Researchers and clinicians involved in the work outlined several practical priorities for local, state, and federal leaders:
- Deploy mobile screening units to workplaces, congregations, schools, and community centers in historically underfunded neighborhoods.
- Support affordable, heart-healthy food options through subsidies, incentives for grocery retailers, and support for local markets in food deserts.
- Invest in community health workers who can visit patients at home for blood pressure checks, medication counseling, and follow-up after hospitalizations.
- Offer incentives for primary care and cardiology practices to establish or expand clinics in census tracts with the highest cardiovascular mortality.
| Priority Area | Key Action | Intended Impact |
|---|---|---|
| Screening & Early Detection | Provide no-cost annual heart health checks | Identify high-risk individuals sooner |
| Neighborhood Investment | Fund new clinics, parks, and safe walking paths | Support healthier daily routines |
| Community Health Workforce | Train and employ local health workers | Improve continuity of care and follow-up |
Looking ahead: closing the cardiovascular equity gap
As researchers continue to track these trends, a clear message is emerging across the public health community: unless targeted, place-based strategies are put in place, the burden of heart disease will increasingly fall along predictable lines of race, neighborhood, and income.
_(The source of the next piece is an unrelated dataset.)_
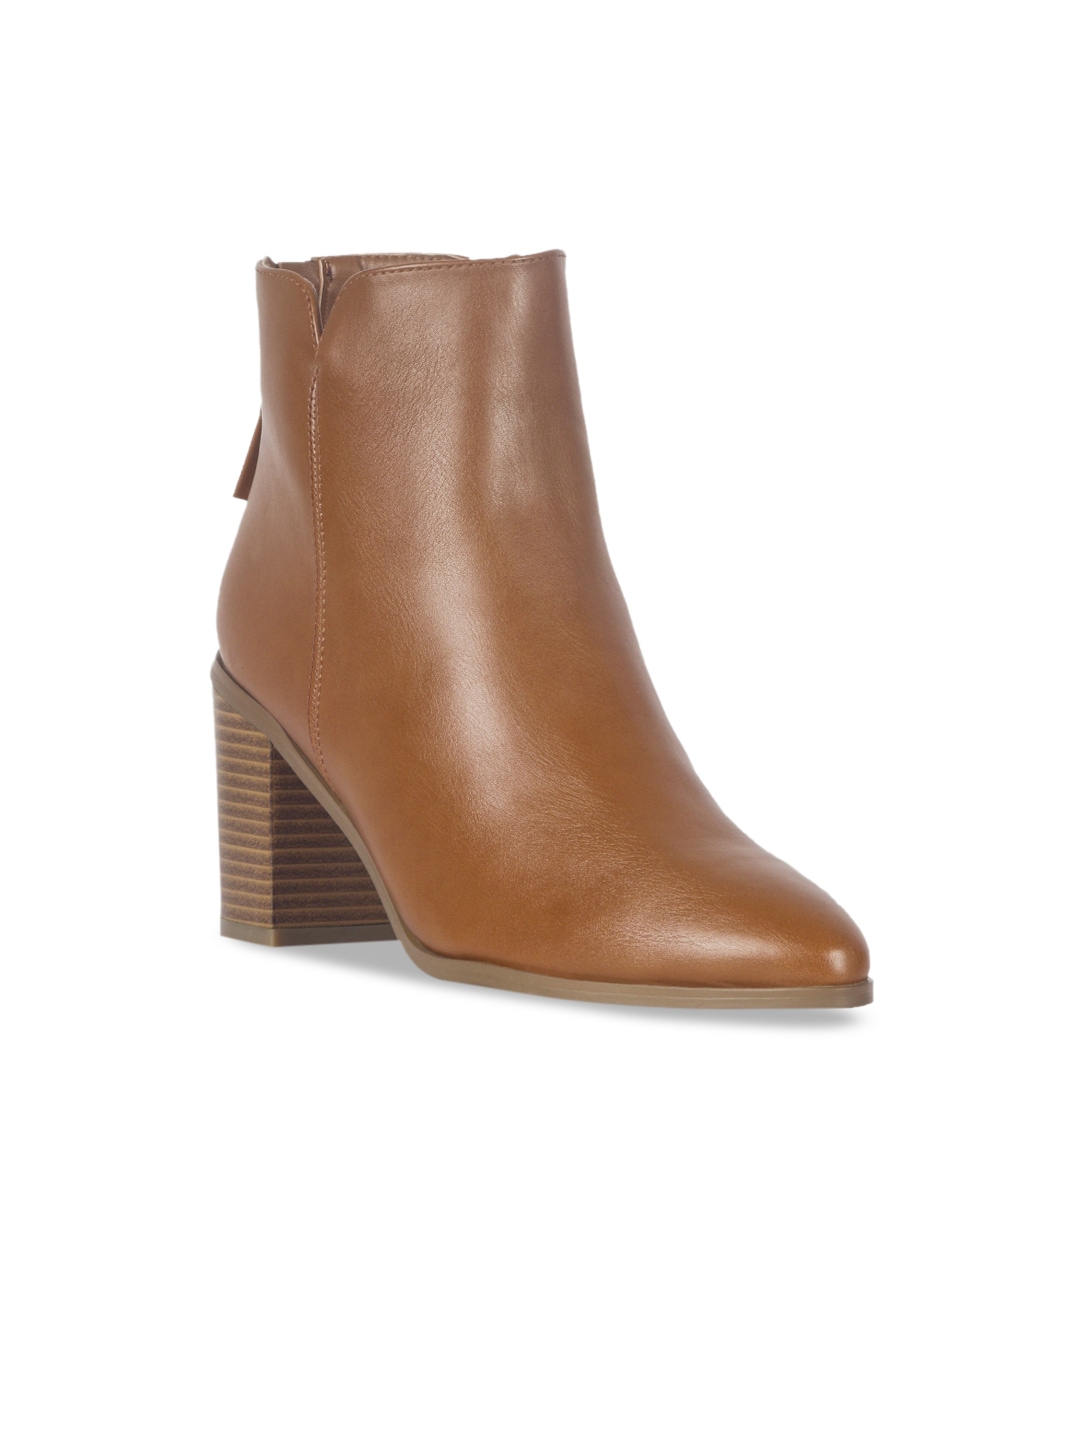 London Rag Tan Block Heeled Boots with Tassels Price in India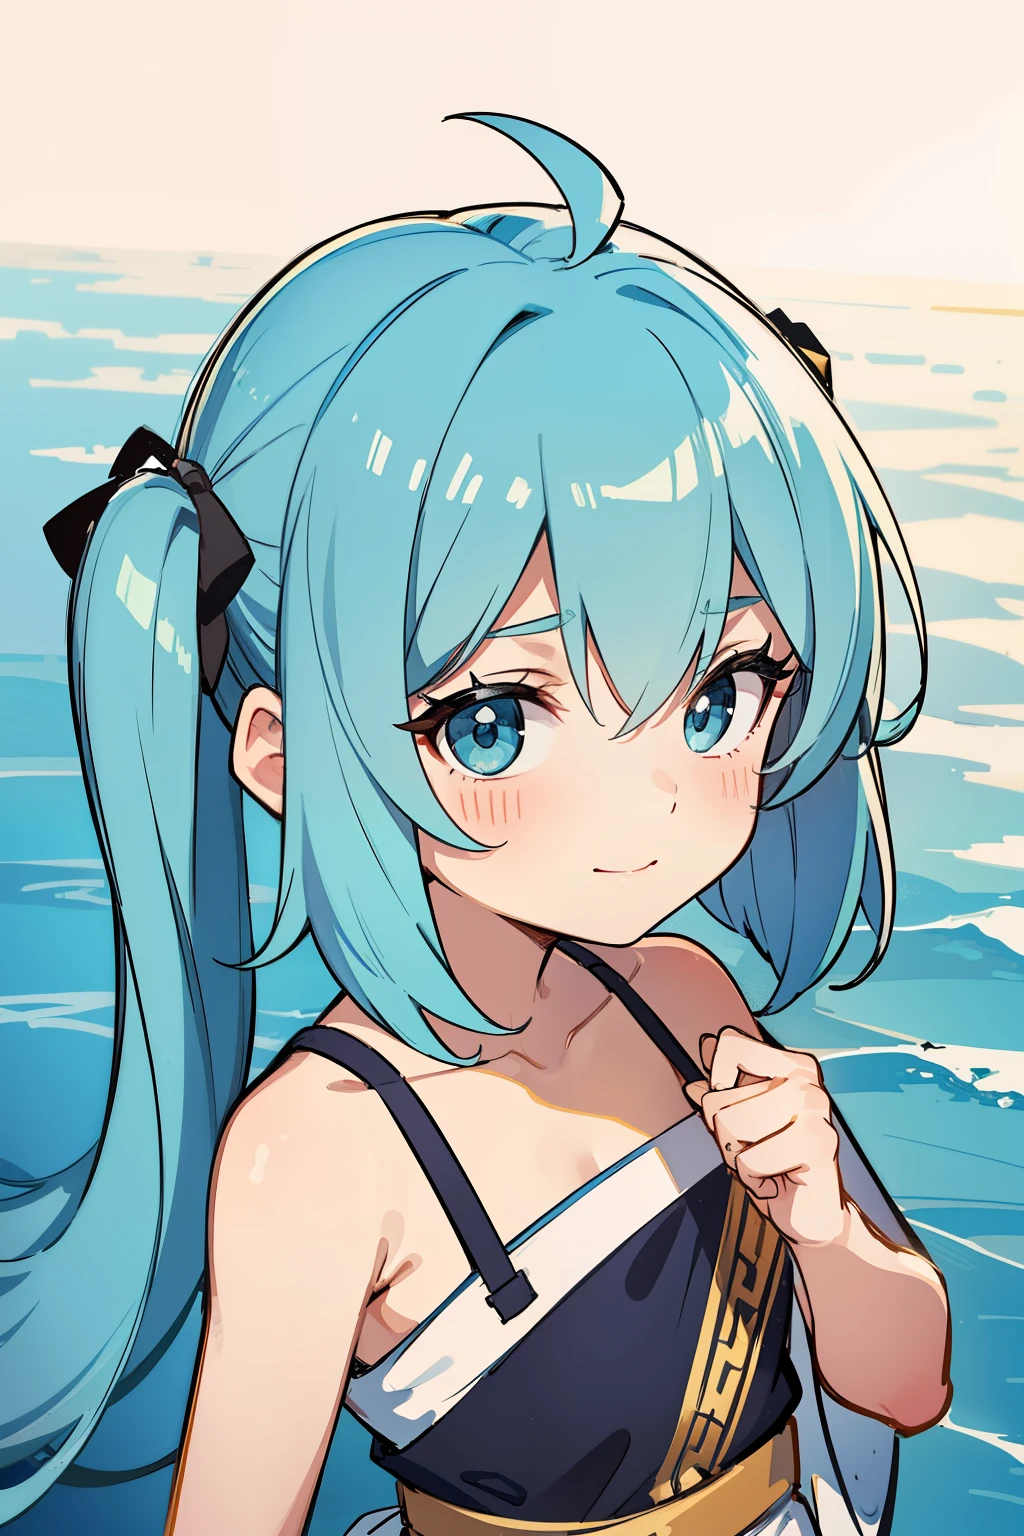 (high-quality, breathtaking),(expressive eyes, perfect face) 1girl, girl, solo, young kid, , chibi, toddler, long blue hair, green coloured eyes, stylised hair, gentle smile, medium length hair, loose hair, side bangs, curley hair, really spiky hair, spiked up hair, pigtails, looking at viewer, portrait, ancient greek clothes, blue black and white tunic, white Chlamys, sleeveless, greek, blue and gold sash, ocean background, ribbon accessories in hair, slightly narrow eyes, baby face, baby body, , small head, 36½ inches tall, chibi art style

The Washington University team plans to focus its next phase of work on identifying which local policies and clinical approaches most effectively reduce gaps in cardiovascular outcomes. That includes evaluating community-level interventions, from expanded Medicaid coverage to investments in housing, transportation, and food access.
For now, the authors argue, the data make one point unmistakable: achieving cardiovascular equity must move from a distant goal to an immediate priority for policymakers, health systems, and community leaders. The choices made in the coming years-about where to invest, whom to prioritize, and which barriers to remove-will shape not only who develops heart disease, but also who has the resources and opportunity to survive it.